“Mr. Barnes,” said Jessie; “but he is hardly ever there. He is an old miser, you know-what they call a millionaire, or mill-owner; which is it?”
“One is generally the French for the other,” put in Janet.
“Never mind her, Jessie,” said Allen, with a look of infinite displeasure at his sister. “What does he do which keeps him away?”
“I believe he is a great merchant, and is always in Liverpool,” said Jessie. “Any way, he is a very cross old man, and won’t let anybody go into his park and gardens when he comes down here; and he is very cruel too, for he disinherited his own nephew and niece for marrying. Only think Mrs. Watson at the grocer’s told our Susan that there’s a little girl, who is his own great-niece, living down at River Hollow Farm with Mr. and Mrs. Gould, just brought up by common farmers, you know, and he won’t take any notice of her, nor give one farthing for bringing her up. Isn’t it shocking? And even when he is at home, he only has two chops or two steaks, or just a bit of kidney, and that when he is literally rolling in gold.”
Jessie opened her large brown eyes to mark her horror, and Allen, made a gesture of exaggerated sympathy, which his sister took for more earnest than it was, and she said, scornfully, “I should like to see him literally rolling in gold. It must be like Midas. Do you mean that he sleeps on it, Jessie? How hard and cold!”
“Nonsense,” said Jessie; “you know what I mean.”
“I know what literally rolling in gold means, but I don’t know what you mean.”

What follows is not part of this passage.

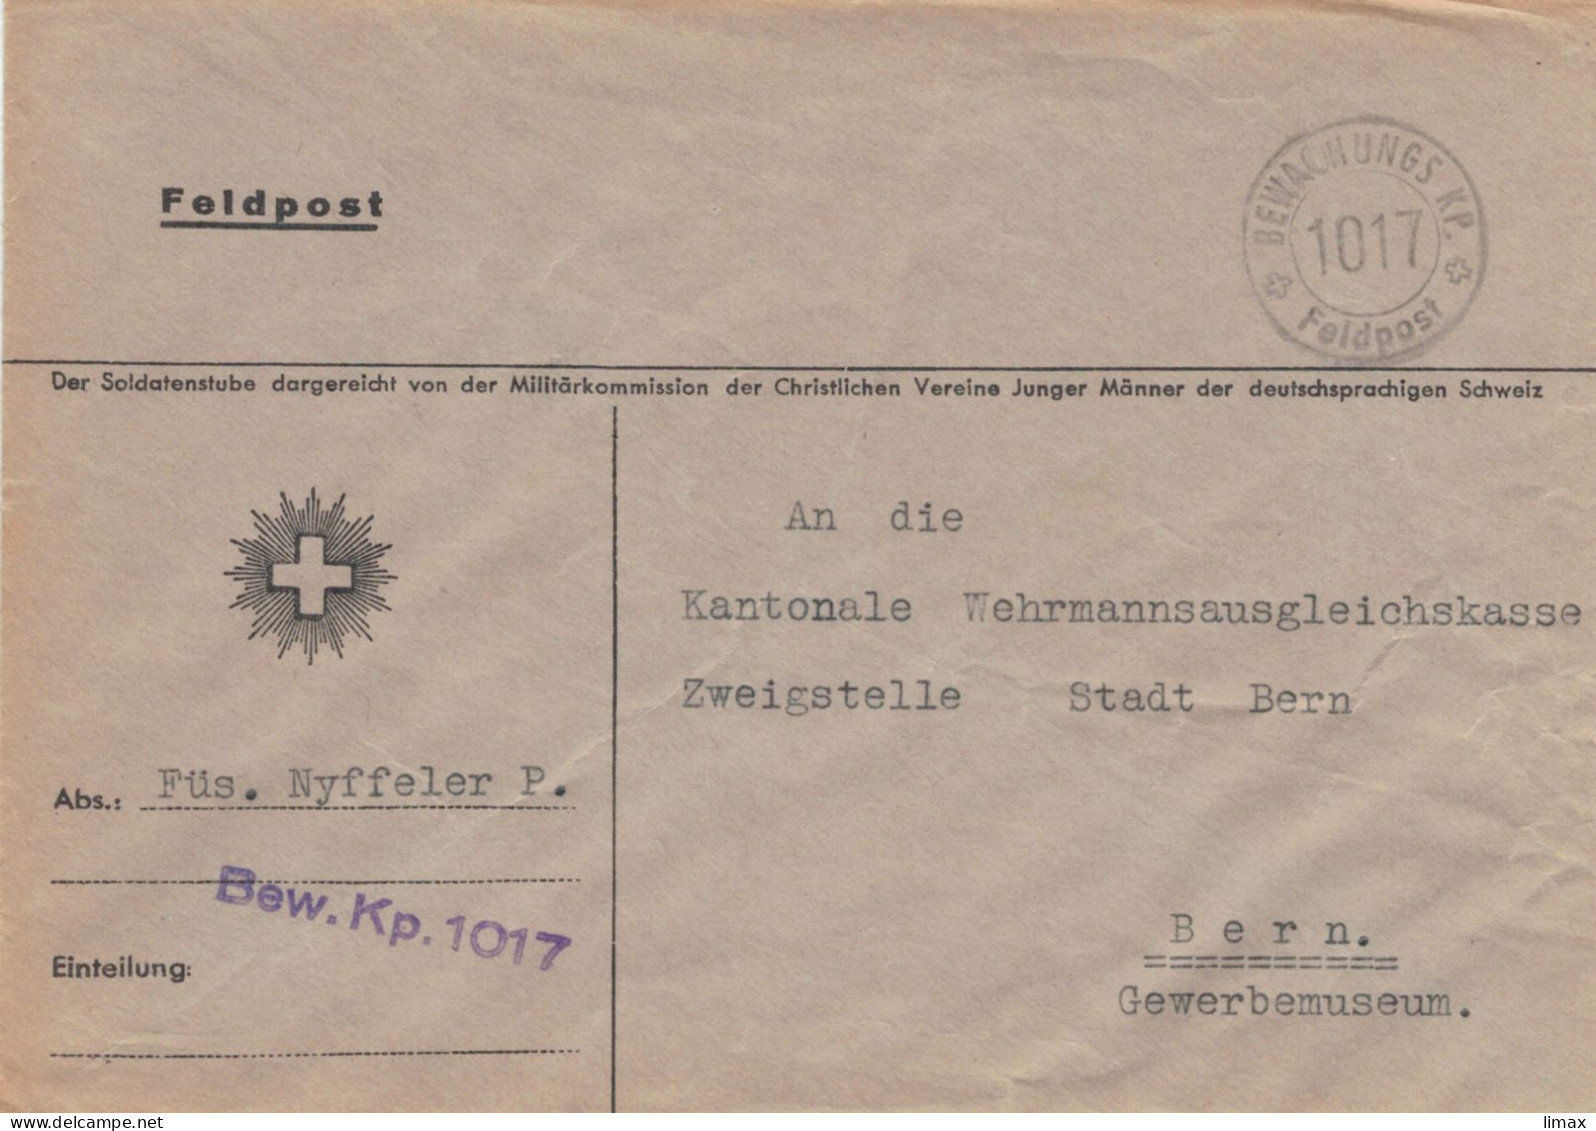 Feldpost Füsilier Nyffeler P. Bewachungskompanie 1017 > Kantonale Wehrmannsausgleichkasse Bern - Oficial

“Don’t bully her, Janet,” said Allen; “we are not so stupid, are we, Jessie? Come and show me the walnut-tree you were telling me about.”
“What’s the matter, Janet?” said her mother, coming in a moment or two after, and finding her staring blankly out of the window, where the two had made their exit.
“O mother, Jessie has been talking such gossip, and Allen likes it, and won’t have it stopped! I can’t think what makes Allen and Bobus both so foolish whenever she is here.”
“She is a very pretty creature,” said Carey, smiling a little.
“Pretty!” repeated Janet. “What has that to do with it?”
“A great deal, as you will have to find out in the course of your life, my dear.”
“I thought only foolish people cared about beauty.”
“It is very convenient for us to think so,” said Carey, smiling.
“But mother-surely everybody cares for you just as much or more than if you were a great handsome, stupid creature! How I hate that word handsome!”
“Except for a cab,” said Carey.
“Ah! when shall I see a Hansom again?” said Janet in a slightly sentimental tone. But she returned to the charge, “Don’t go, mother, I want you to answer.”
“Beauty versus brains! My dear, you had better open your eyes to the truth. You must make up your mind to it. It is only very exceptional people who, even in the long run, care most for feminine brains.”